Разнорабочий Муркин по совместительству был мелким шантажистом. В тетрадочку он с дьявольской аккуратностью записывал инициалы клиентов и, возможно, заглавные буквы, обозначающие суть каждого дела. Клиентов было не слишком много, инициалы часто повторялись, из чего Степан сделал вывод, что Муркин присасывался к клиенту надолго. Очевидно, шантажировал он по мелочи, но с упорством летнего полевого овода. Было совершенно непонятно, где он брал информацию, за которую ему платили. Вряд ли он шантажировал работяг со стройки.
Последняя, самая крупная выплата — две тысячи долларов, — была назначена на шестнадцатое апреля, но привычный набор букв, завершающий каждую «сделку», отсутствовал Это означало, что сделка так и не была завершена.
Чернов нашел в котловане тело утром семнадцатого.
Степан задумчиво включал и выключал свет, рассеянно глядя в стену На стене появлялся и пропадал громадный портрет Ивана, сделанный в прошлом году в Турции.
Свет гас — и Иван исчезал.
Свет зажигался — и появлялась сияющая мордаха с кривоватыми передними зубами.
Муркина убил кто-то, кого он шантажировал. Только и всего.
Где-то что-то гудело, шумело и падало. От электрического напряжения дрожали провода и что-то словно бы звенело.
Кажется, вода.
Точно, вода. Много воды.
Целое горное озеро, голубое от близкого неба и холодное до ломоты в зубах. И чистое. Такое чистое, что в него боязно было входить, но зной уже плавился и звенел в воздухе, от него тяжелела голова и казалось, что если сейчас же не окунешься в спасительный холод, то непременно сгоришь, расплавишься под яростным, веселым, круглым и беспощадным солнцем.
Он начал входить в воду — она оказалась совсем не такой ледяной, а прохладной, струящейся, как китайский шелк, — поскользнулся, упал и сильно ударился головой.
Понимая, что теперь-то ему уж точно настал конец, он застонал и открыл глаза.
Весь мир был перевернут, и в нем не было никакого горного озера, и не висело над ним голубое небо, и не плавился и не звенел в воздухе плотный и горячий зной.
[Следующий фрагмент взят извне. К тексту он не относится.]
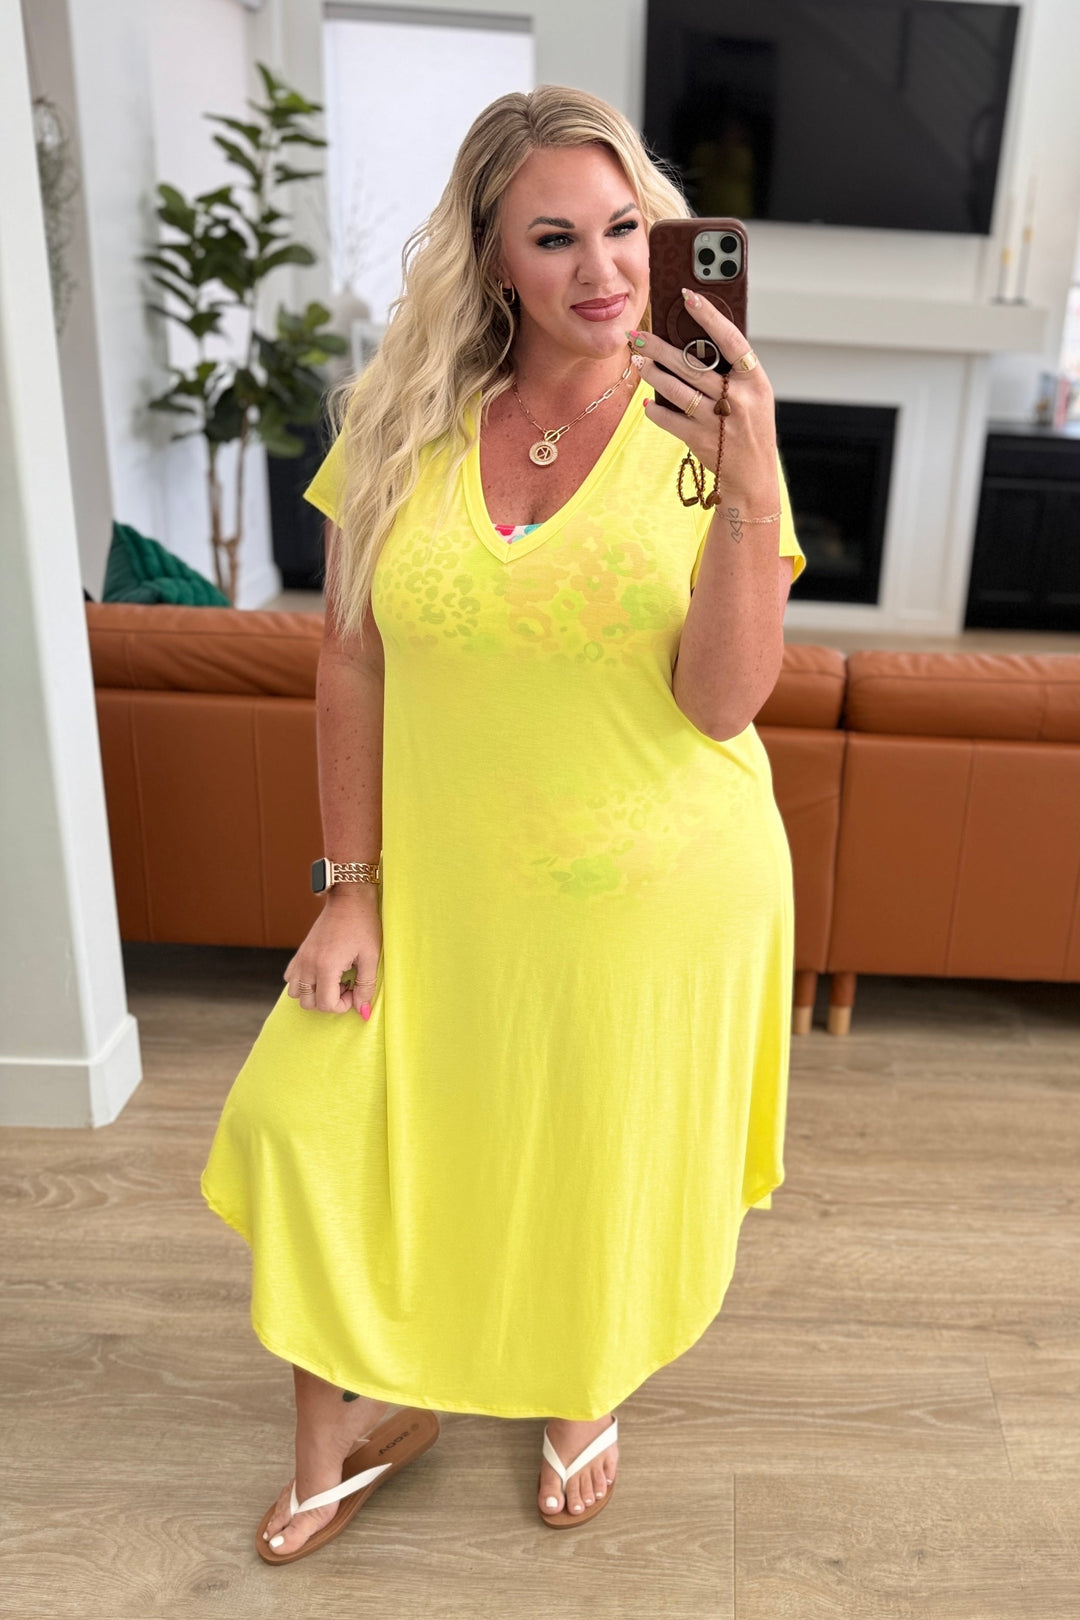 Dolman Sleeve Maxi Dress in Neon Yellow - OW *FINAL SALE*
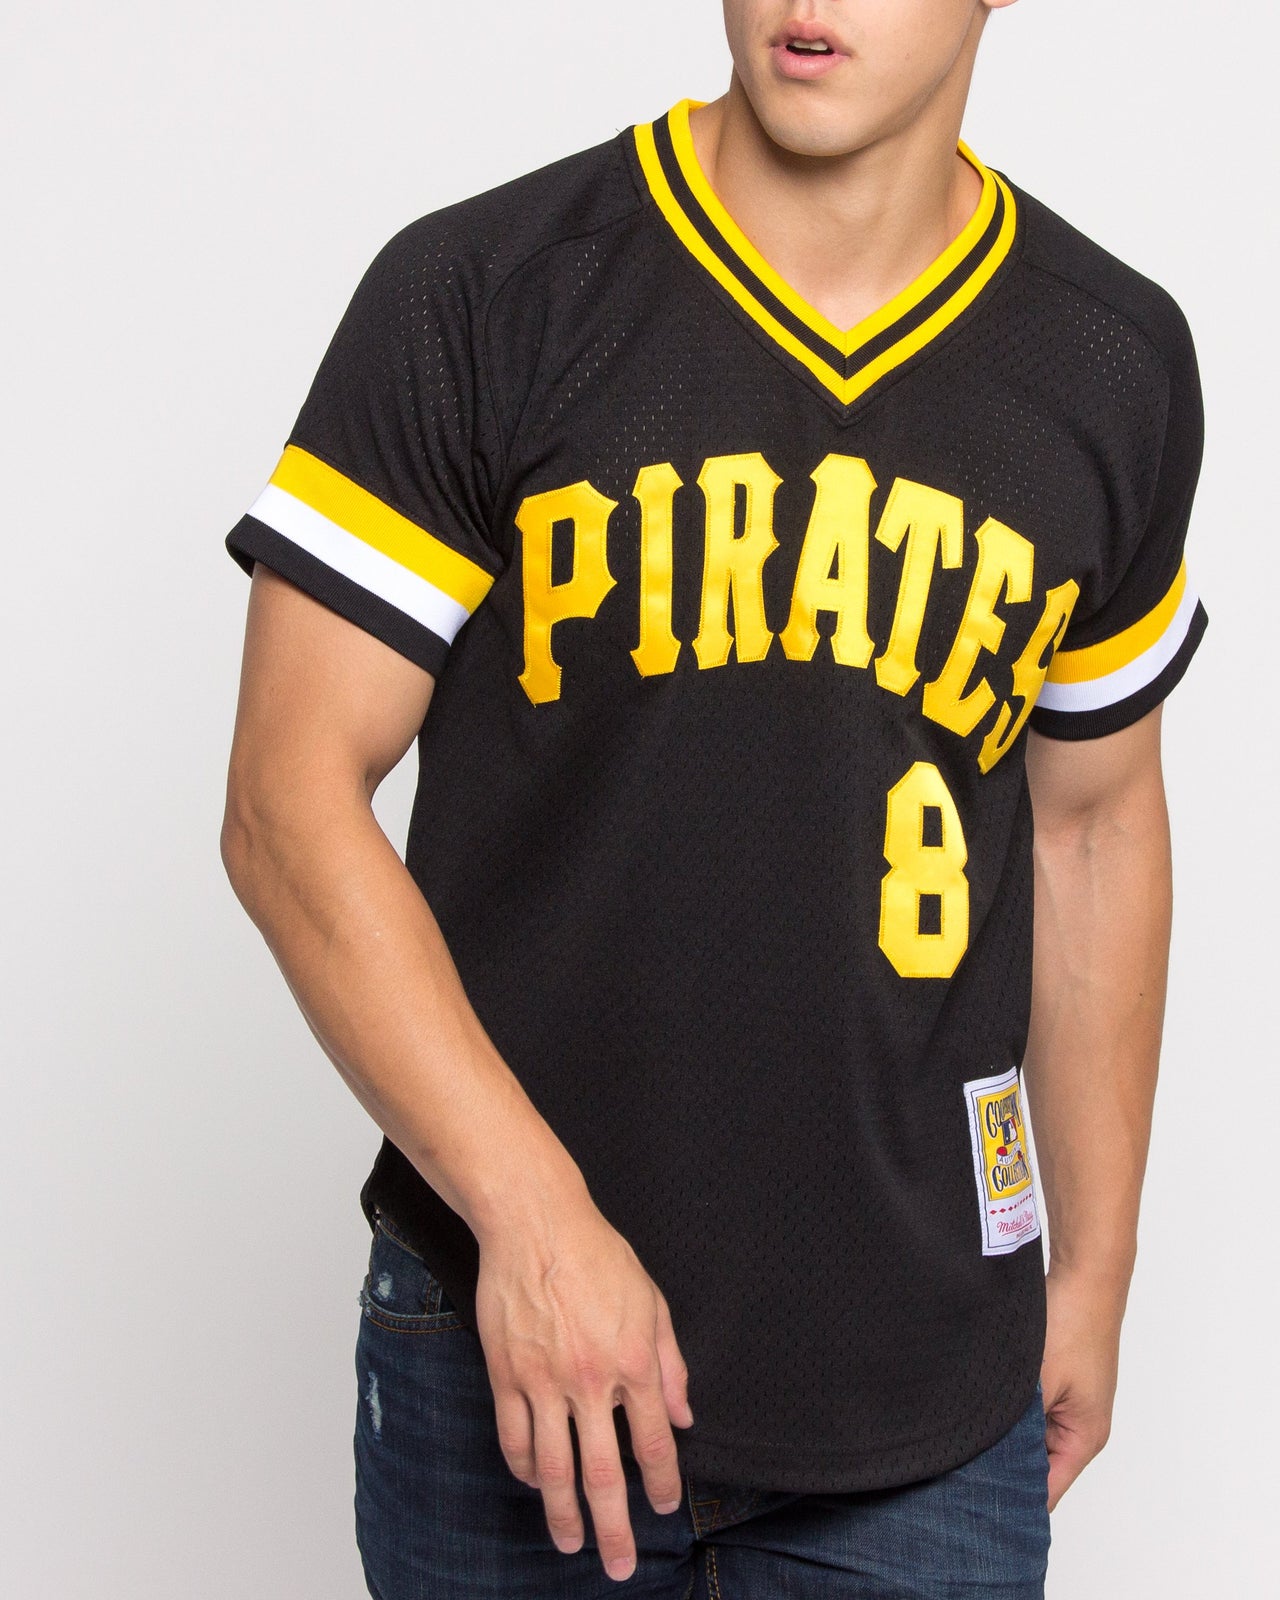 Willie Stargell Pittsburgh Pirates Jersey

Он лежал очень неудобно, почти до пола свесившись с высокой крестьянской кровати. Голова упиралась в давно не мытые доски, а где были руки, он так и не смог определить.
Дрожащее пятно света, словно и впрямь отраженное от воды, гуляло по темной стене, в которую упирался мутный взгляд.
— Господи, Господи, — пробормотал он, пытаясь понять, есть ли у него голос. Что-то такое было, но вряд ли это можно было назвать голосом.
Нужно было сделать усилие и поднять себя хотя бы на кровать, но он забыл, что именно следует делать, чтобы заставить тело слушаться.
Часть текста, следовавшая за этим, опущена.